Needless to say, all of this rings a bit uncomfortably in this year of our lord 2022. There’s little in the above description of an orc that you could not have read, with minor variations but little irony, being offered in British and American newspapers at any point between 1600 and 1940,  to justify campaigns against the inhabitants of Africa, Asia and the Americas that were often frankly genocidal.

"These are the vilest miscreants of the savage race, and must ever remain the pirates of the Missouri,” William Clark of the Lewis and Clark expedition wrote back home of the Teton Sioux.

This group — who call themselves the Thítȟuŋwaŋ or Lakota — dominated the rich bottomlands and trade routes of the upper Missouri River as part of a loose tribal republic called the Council of the Seven Fires. Over the near-century of grueling warfare that followed, American soldiers and militia broke apart the Council’s eastern peoples and seized its heartland in the Dakotas in a wave of broken treaties.

As they did so, many Americans turned to such supposedly orcish tendencies to justify their country’s strangulation and digestion of another sovereign republic

But this leads to a less obvious point: that apparent ‘orcishness’ is both in the eye of the beholder and — often — a response conditioned by the past. Reading Clark’s diary, it is hard to shake the thought that the Lakota were “pirates” of the Missouri to Clark simply because they did not bow to European authority. They were proud, boastful and above all independent — willing to demand or take gifts from Europeans who crossed their territory.

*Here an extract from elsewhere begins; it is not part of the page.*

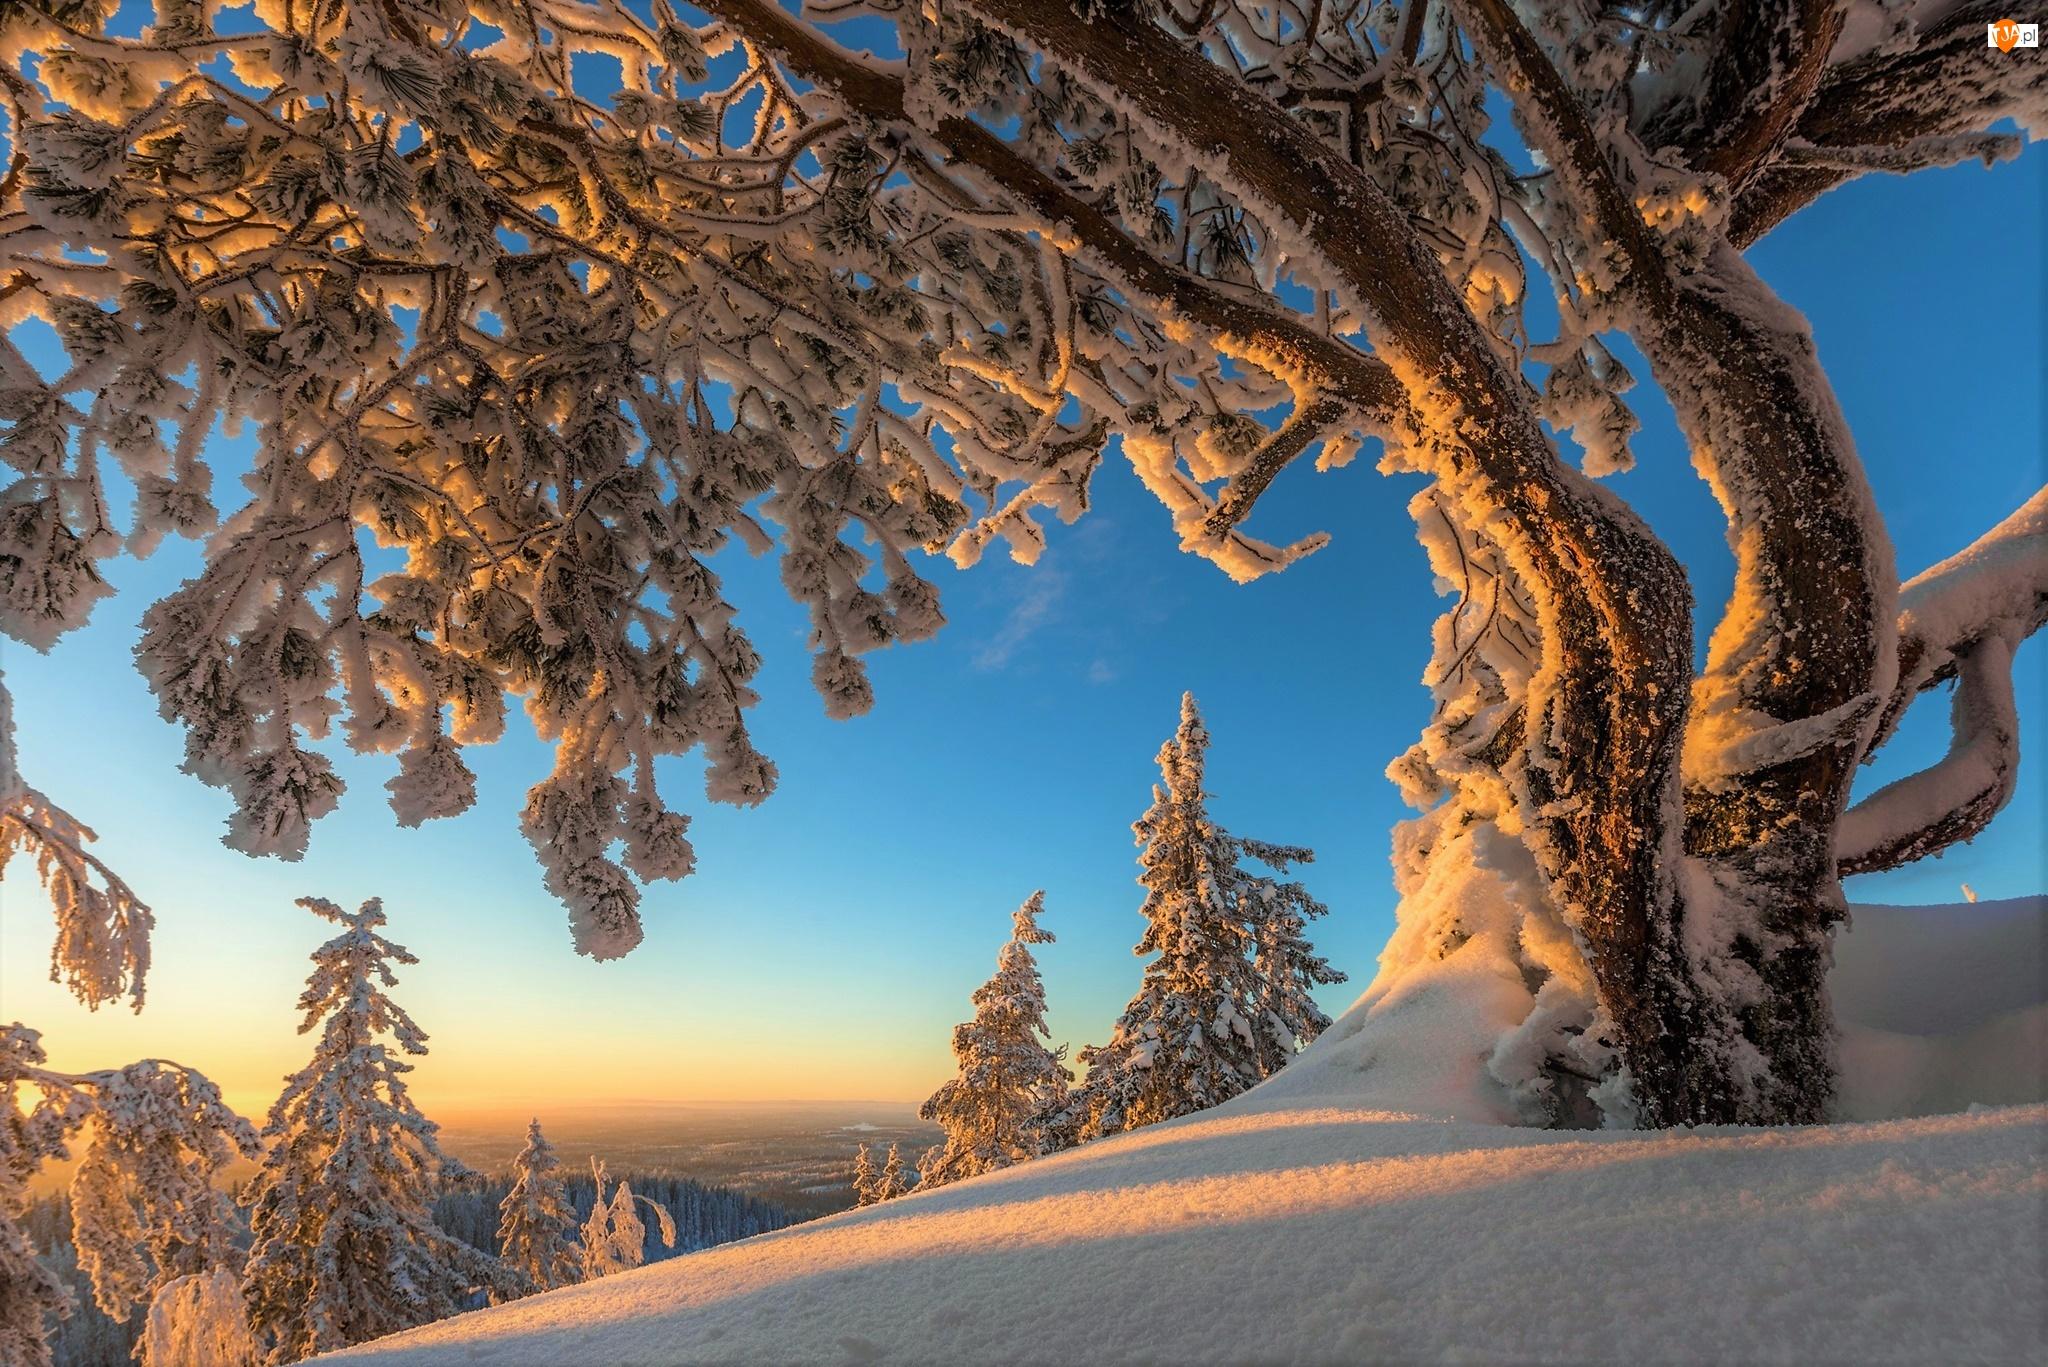 Drzewo, Zima, Karelia Północna, Finlandia, Poranek, Park Narodowy Koli, Oszronione

And so Clark offered a frankly imperial solution: the Lakota would remain pirates and miscreants  “until such measures are pursued, by our government, as will make them feel a dependence on its will for their supply of merchandise."

In other words, until their independence was broken — as it would be, through precisely such tactics of siege, over the next century — orcs they would remain.

Welcome to Heat Death, the newsletter read from Mount Gundabad to the Mines of Moria, or wherever you can find a human able to translate from Common. (We tried a Quenya edition, but the Elves can’t keep up with periodicals any more frequent than once a decade.)

Saul has been reporting for The Hill on the many faces of the American West's water crisis — with a particular focus on why Texas' independent cattle raisers are worrying about extinction, and why the state's cities are concerned about running out of water.

Asher has been busy driving the backroads of Texas after snakes, as part of a forthcoming Texas Highways story on field herpetology, and writing in The Daily Beast about the nationalist (and fully deranged) Marvel superhero Sabra.

Today we’re going to take a deep dive into the darker corners of the legendarium that inspired  both The Rings of Power — Amazon Prime’s recent $1 billion attempt to bring mass culture back to the small screen — as well as much of the set of structures and conventions that we generally refer to as fantasy.

In doing so, we’re going to ask a question with some unsettling resonances for Anglo-American history and culture:  not “what is an orc,” but why is an orc? What does it take—narratively and materially—to create an entire race of enemies?

This is Heat Death. Stay with us.


Two orcs. © Tim Kirk, 1975

On The Problem of Orcs

Asher here. Let us return to the question of orcs, and how they came to be.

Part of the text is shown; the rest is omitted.